Source : PortMac.News | Citizen :
Source : PortMac.News | Citizen | News Story:
In 1953, after doctors prescribed fresh country air for his health, Scottish-born Robert Wales uprooted his young family from the city life of Sydney and set out to establish a sheep farm in the bush.
What he lacked in experience and expertise, he made up for in enthusiasm. Or so he hoped.
When the family arrived on a lonely hill in northern New South Wales, they had no electricity, no running water, no telephone and no choice but to make that tangle of bush their home.
From Angela Wales, eldest of the five kids, comes this extraordinarily vivid and evocative account of the next ten years as they tried to tame six thousand acres and navigate the challenges of country life.

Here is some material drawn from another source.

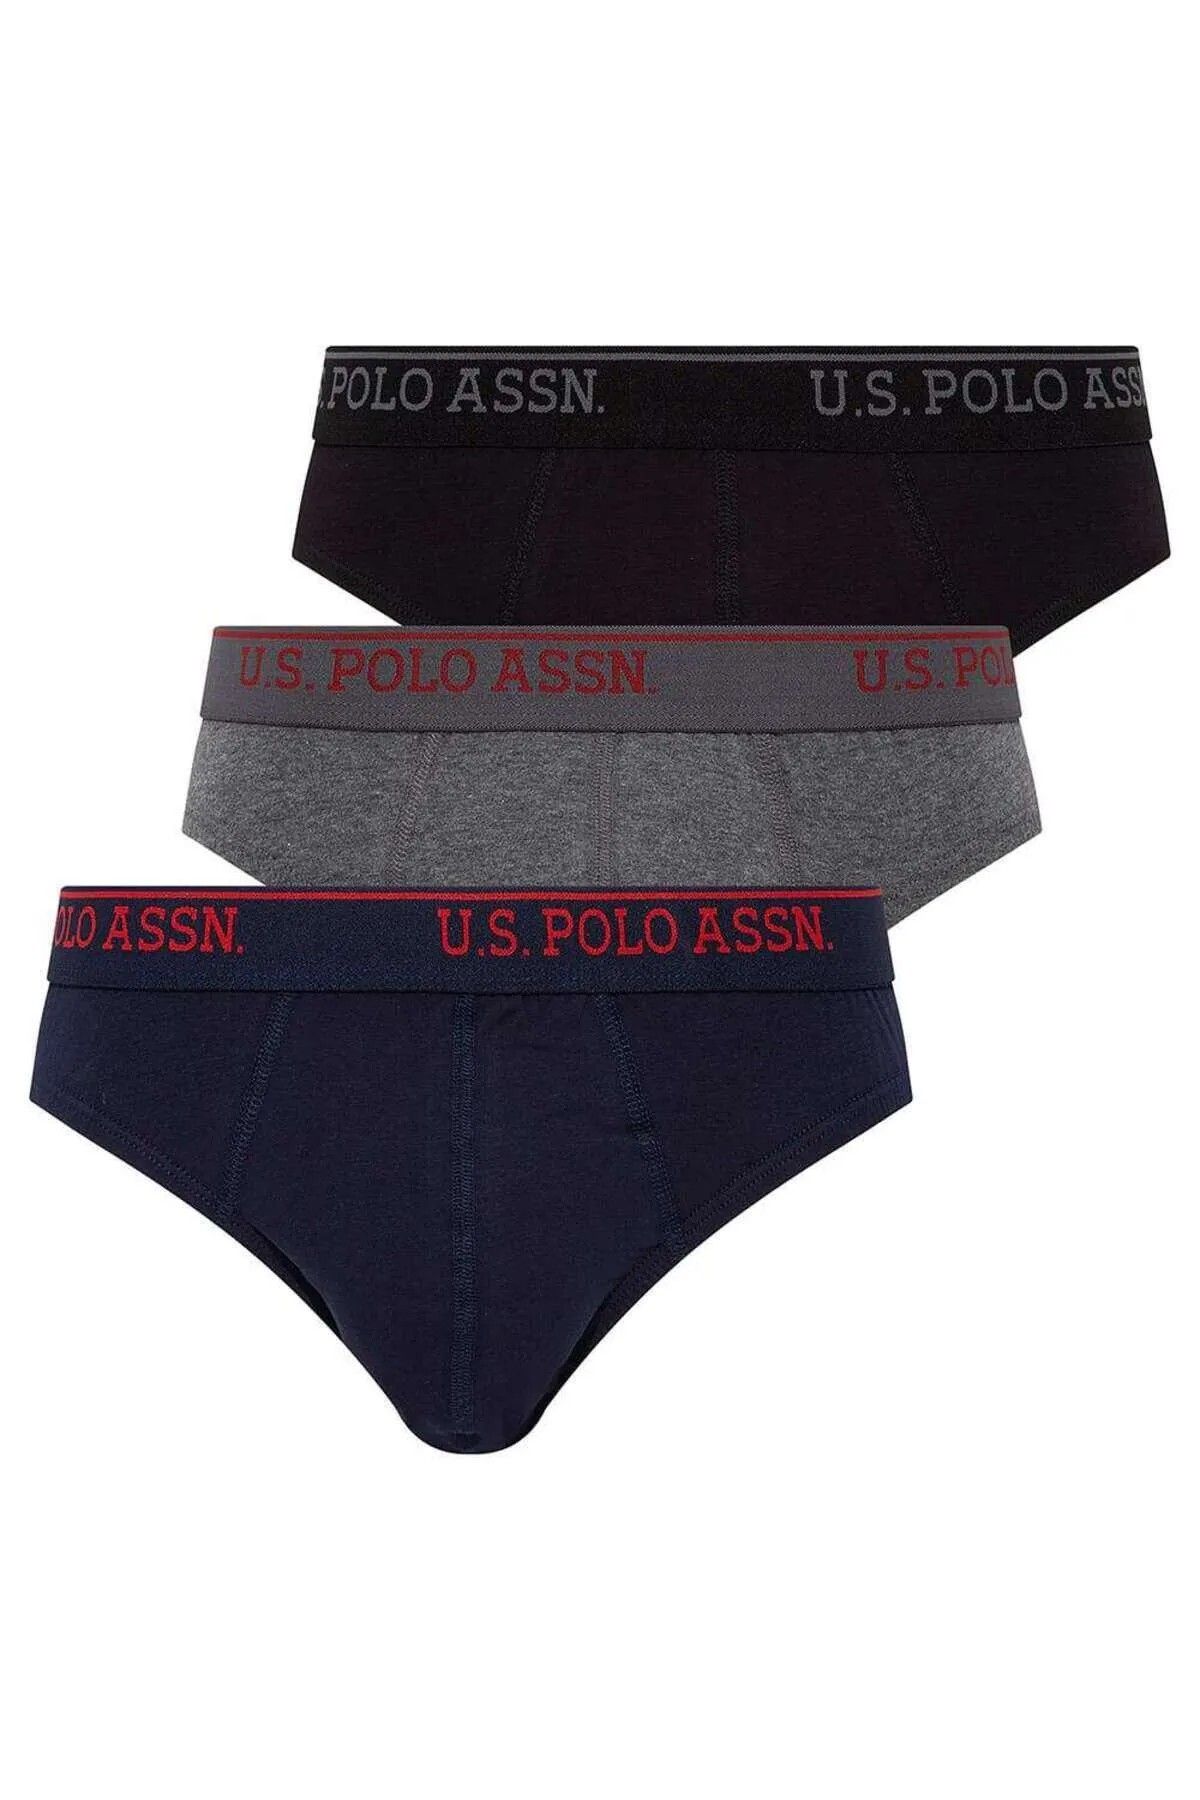 U.S. Polo Assn. U.S. Polo Assn. Erkek 3'lü Slip Siyah - Antrasit - Lacivert
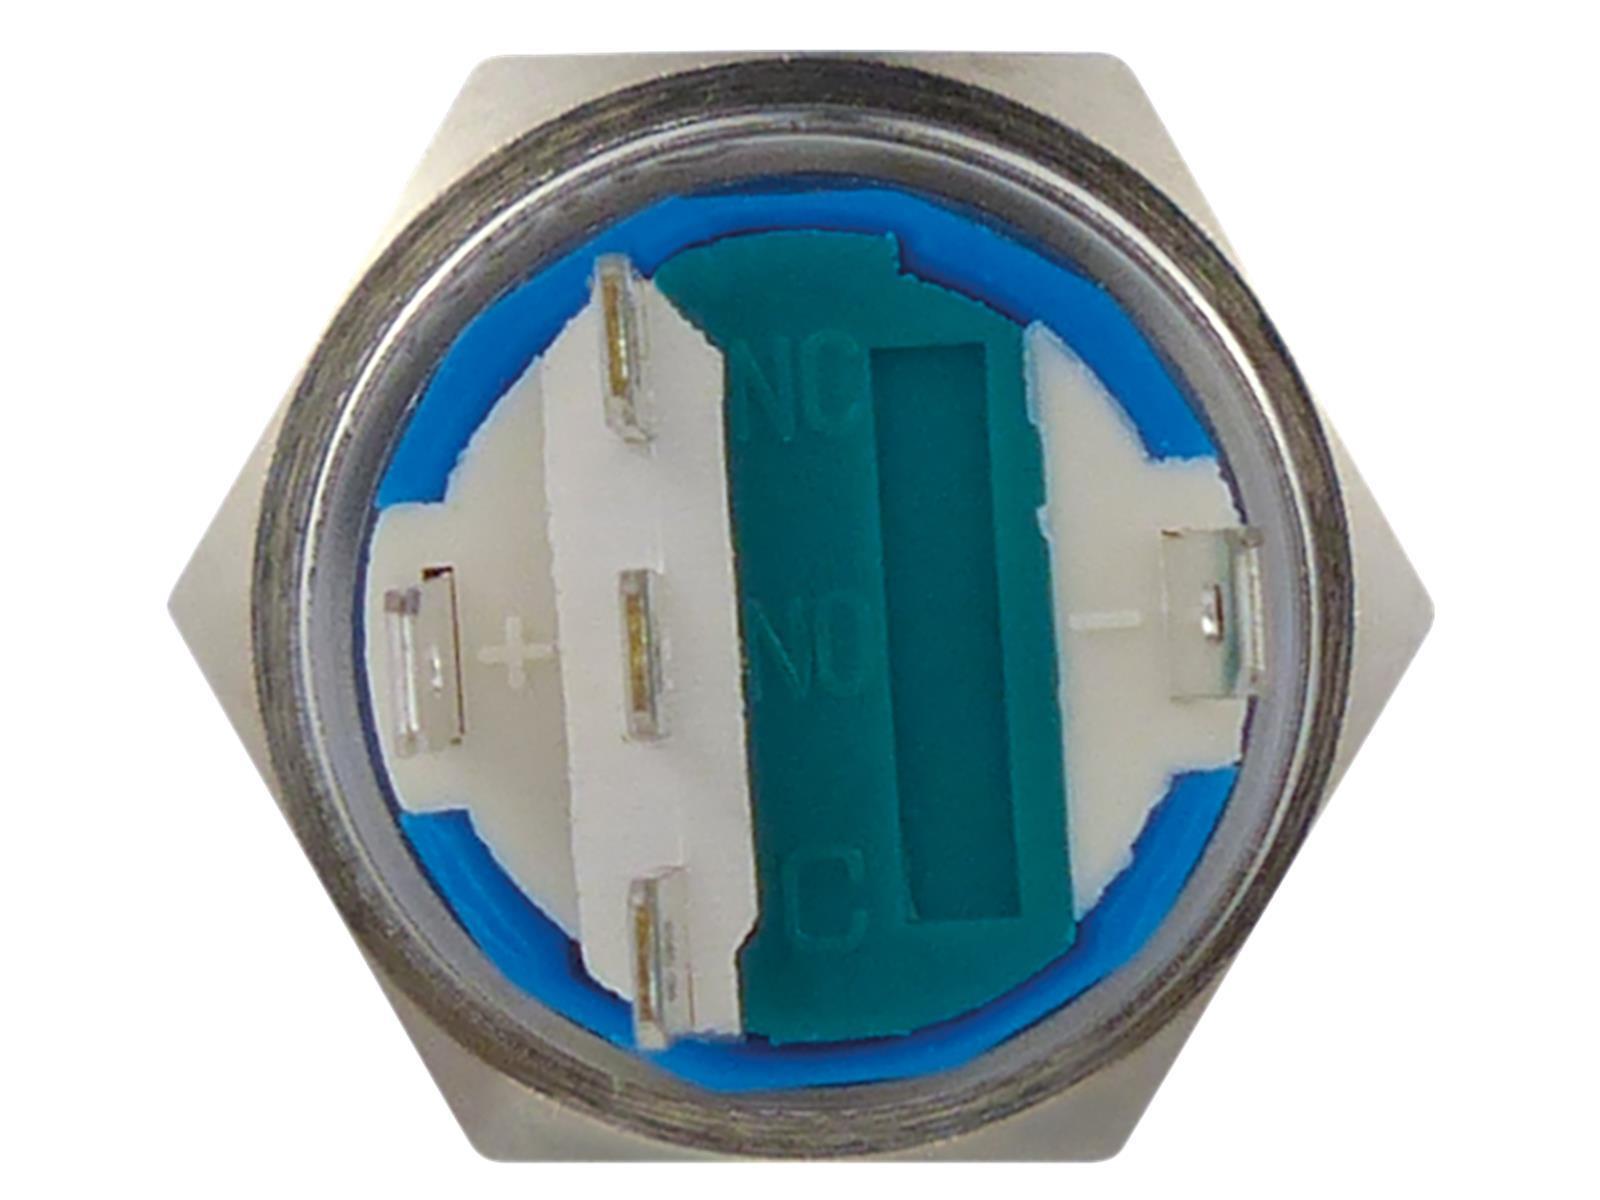 Vollmetallschalter mit Ringbeleuchtung, grün, 19mm-Ø, 250V, 5A, Lötanschluss

Filled with drama and hilarity, joy and back-breaking toil, Barefoot in the Bindis portrays a childhood spent in the bush, and is a sensational picture of Australia past.
Angela grew up the oldest of five children in Walcha NSW. After the family’s move to Sydney she attended the University of Sydney, graduating
in English and classics. She spent the early 70s in Europe, hitchhiking from Rome to London and working in Athens, Evvia and Crete.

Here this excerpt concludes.